The Mara Salvatrucha, or MS-13, is a gang that was formed by El Salvadoran immigrants in Los Angeles in the 1980s. Trump has targeted its members as part of his efforts to deport people living illegally in the U.S. with criminal records. But the president repeatedly has overstated the impact of the administration’s crackdown on the MS-13 gang.
As we wrote last week, Trump falsely claimed at a June 21 rally in Iowa that his administration had deported MS-13 gang members “by the thousands.” Actually, the number is in the hundreds.
Let’s go through the facts again.
In April, Attorney General Jeff Sessions said that there are 10,000 MS-13 gang members in the United States. That number has been fairly constant for years, dating to at least 2006, even though more than 7,000 members of the gang have been arrested since fiscal year 2005 as part of “Operation Community Shield.”
For Trump to claim that half of the Ms-13 gang members have been deported would mean that his administration is responsible for about 5,000 removals of MS-13 members.
Here’s why that is not possible: Danielle Bennett, a spokeswoman for the U.S. Immigration and Customs Enforcement, told us in an email for our earlier story that so far in fiscal year 2017 — from Oct. 1, 2016, to June 4, 2017 — ICE has removed 2,798 gang members. That includes all gang members, not just MS-13 members. For perspective, the FBI says there are about 33,000 street gangs with about 1.4 million members.
The White House declined to comment when we contacted them for our June 22 story about the MS-13 gang. It has not responded to our request for information this time.
However, the Washington Post Fact Checker on June 26 quoted White House spokesman Steven Cheung as saying the president was right to say “we are moving them out of the country by the thousands,” because Operation Community Shield has resulted in “more than 4,300 criminal arrests and nearly 3,000 civil immigration arrests of MS-13 leaders, members and associates.” But that’s the number of total arrests since fiscal year 2005. The vast majority of those arrests over the last 13 years had nothing to do with Trump.

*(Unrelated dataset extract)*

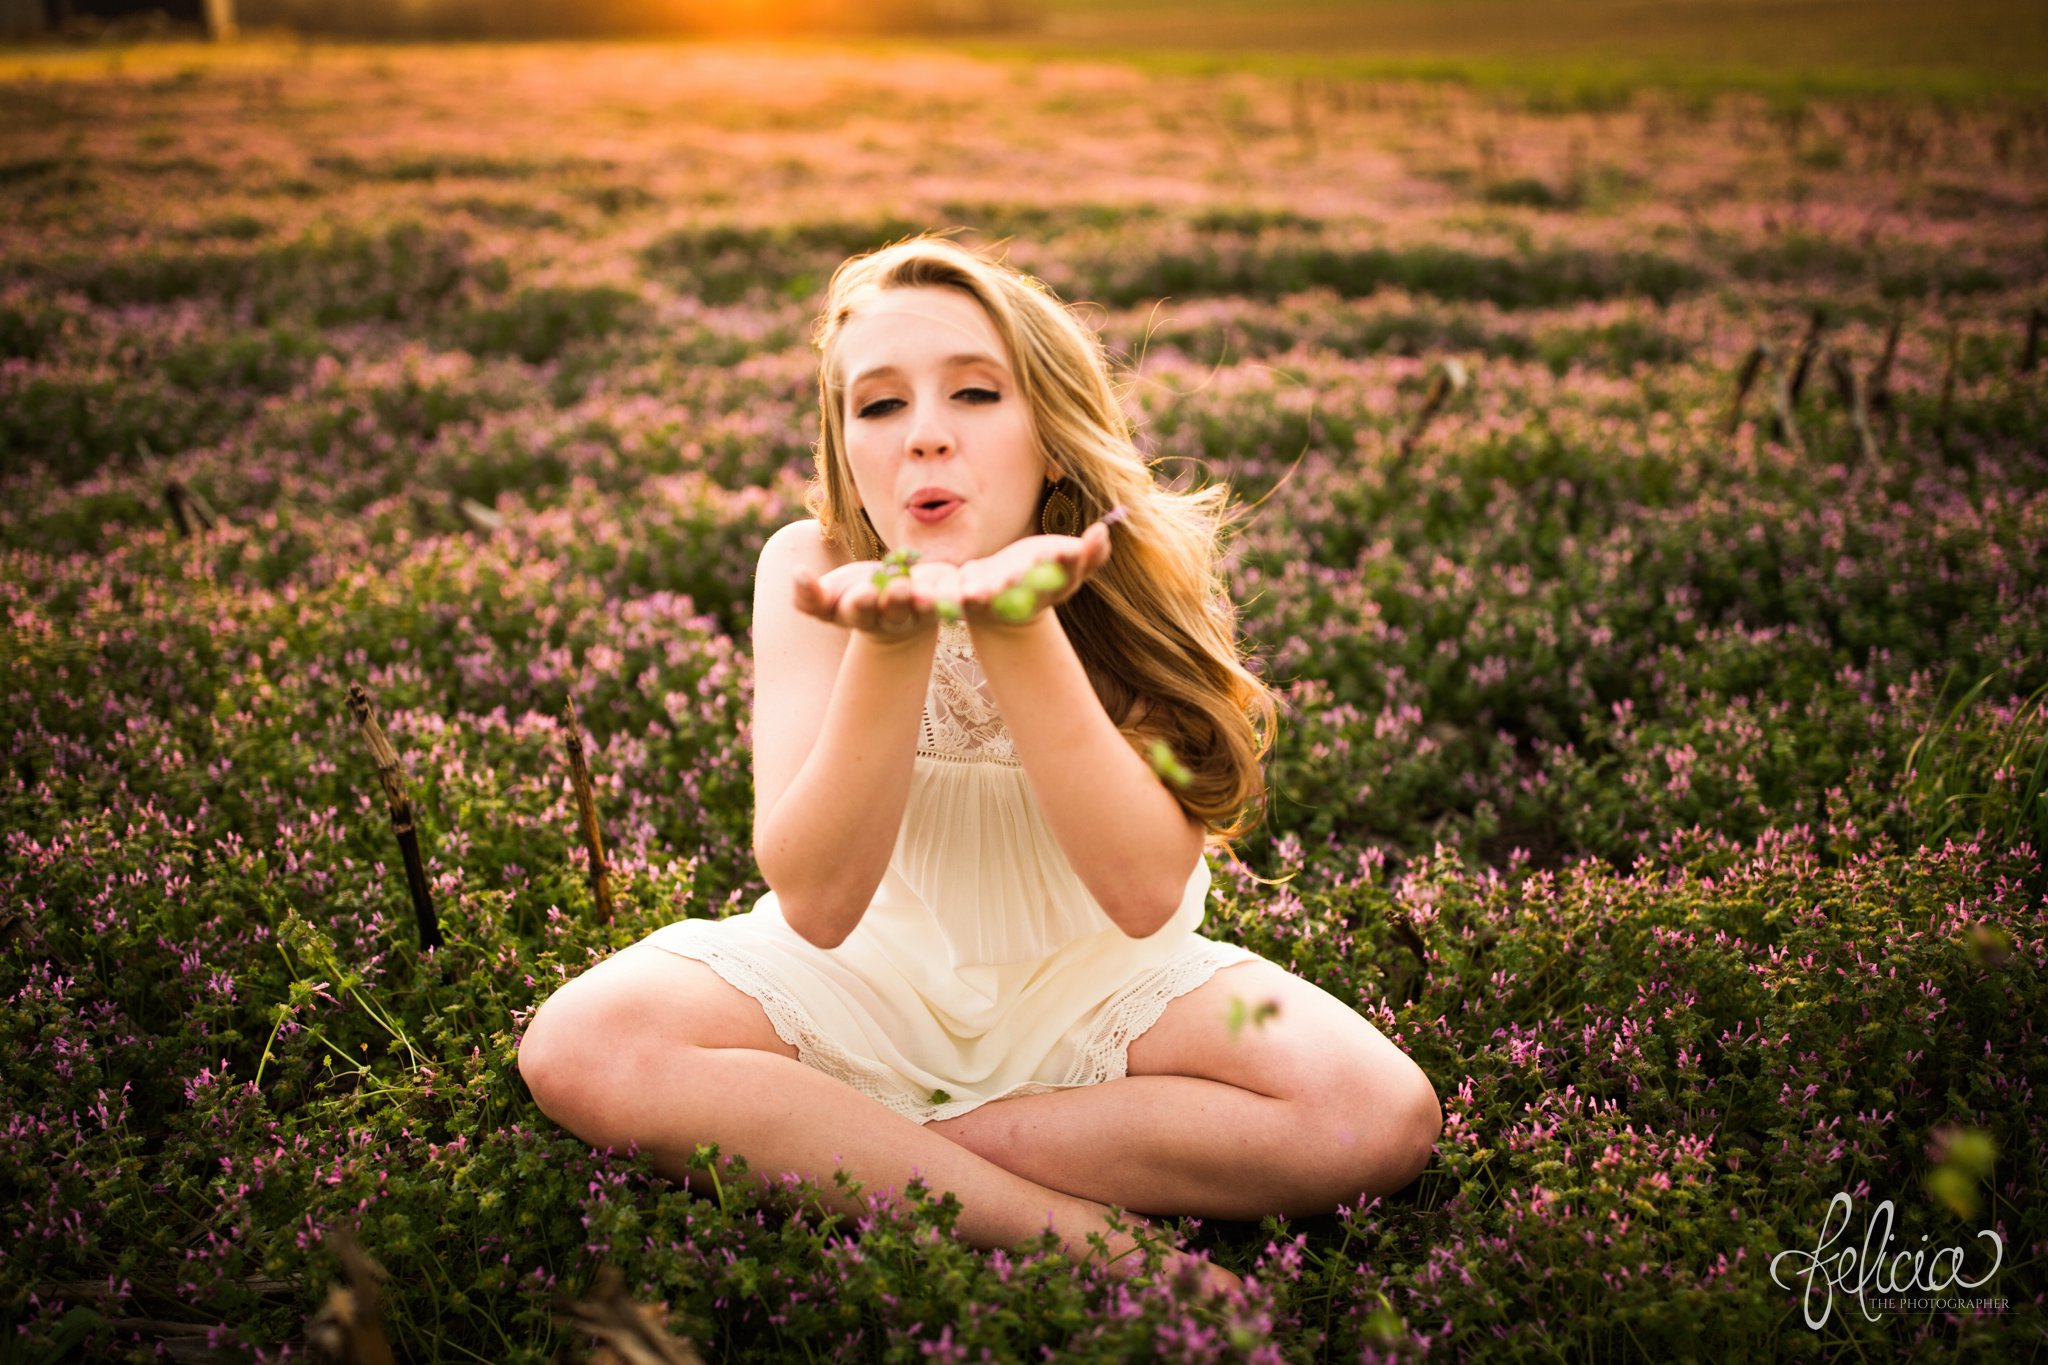 senior pictures | images by feliciathephotographer.com | Kansas City | rustic | long blonde hair | nature background | white dress | elegant | dramatic | candid | dramatic pose | flower field | sitting in flowers | cross legged | purple flowers | blowing kisses

As of June 4, ICE Homeland Security Investigations made 602 criminal arrests and 170 administrative immigration arrests of MS-13 gang members in FY2017, Angel Melendez, an ICE HSI special agent, told a House committee on June 20. The federal fiscal year begins Oct. 1, so those arrests were made under both the Obama and Trump administrations.
We do not know how many MS-13 gang members have been deported. Bennett, the ICE spokeswoman, told us last week, that ICE “does not track gang removals by specific gang.”
With his latest comments, Trump elevates this talking point from a falsehood to a whopper.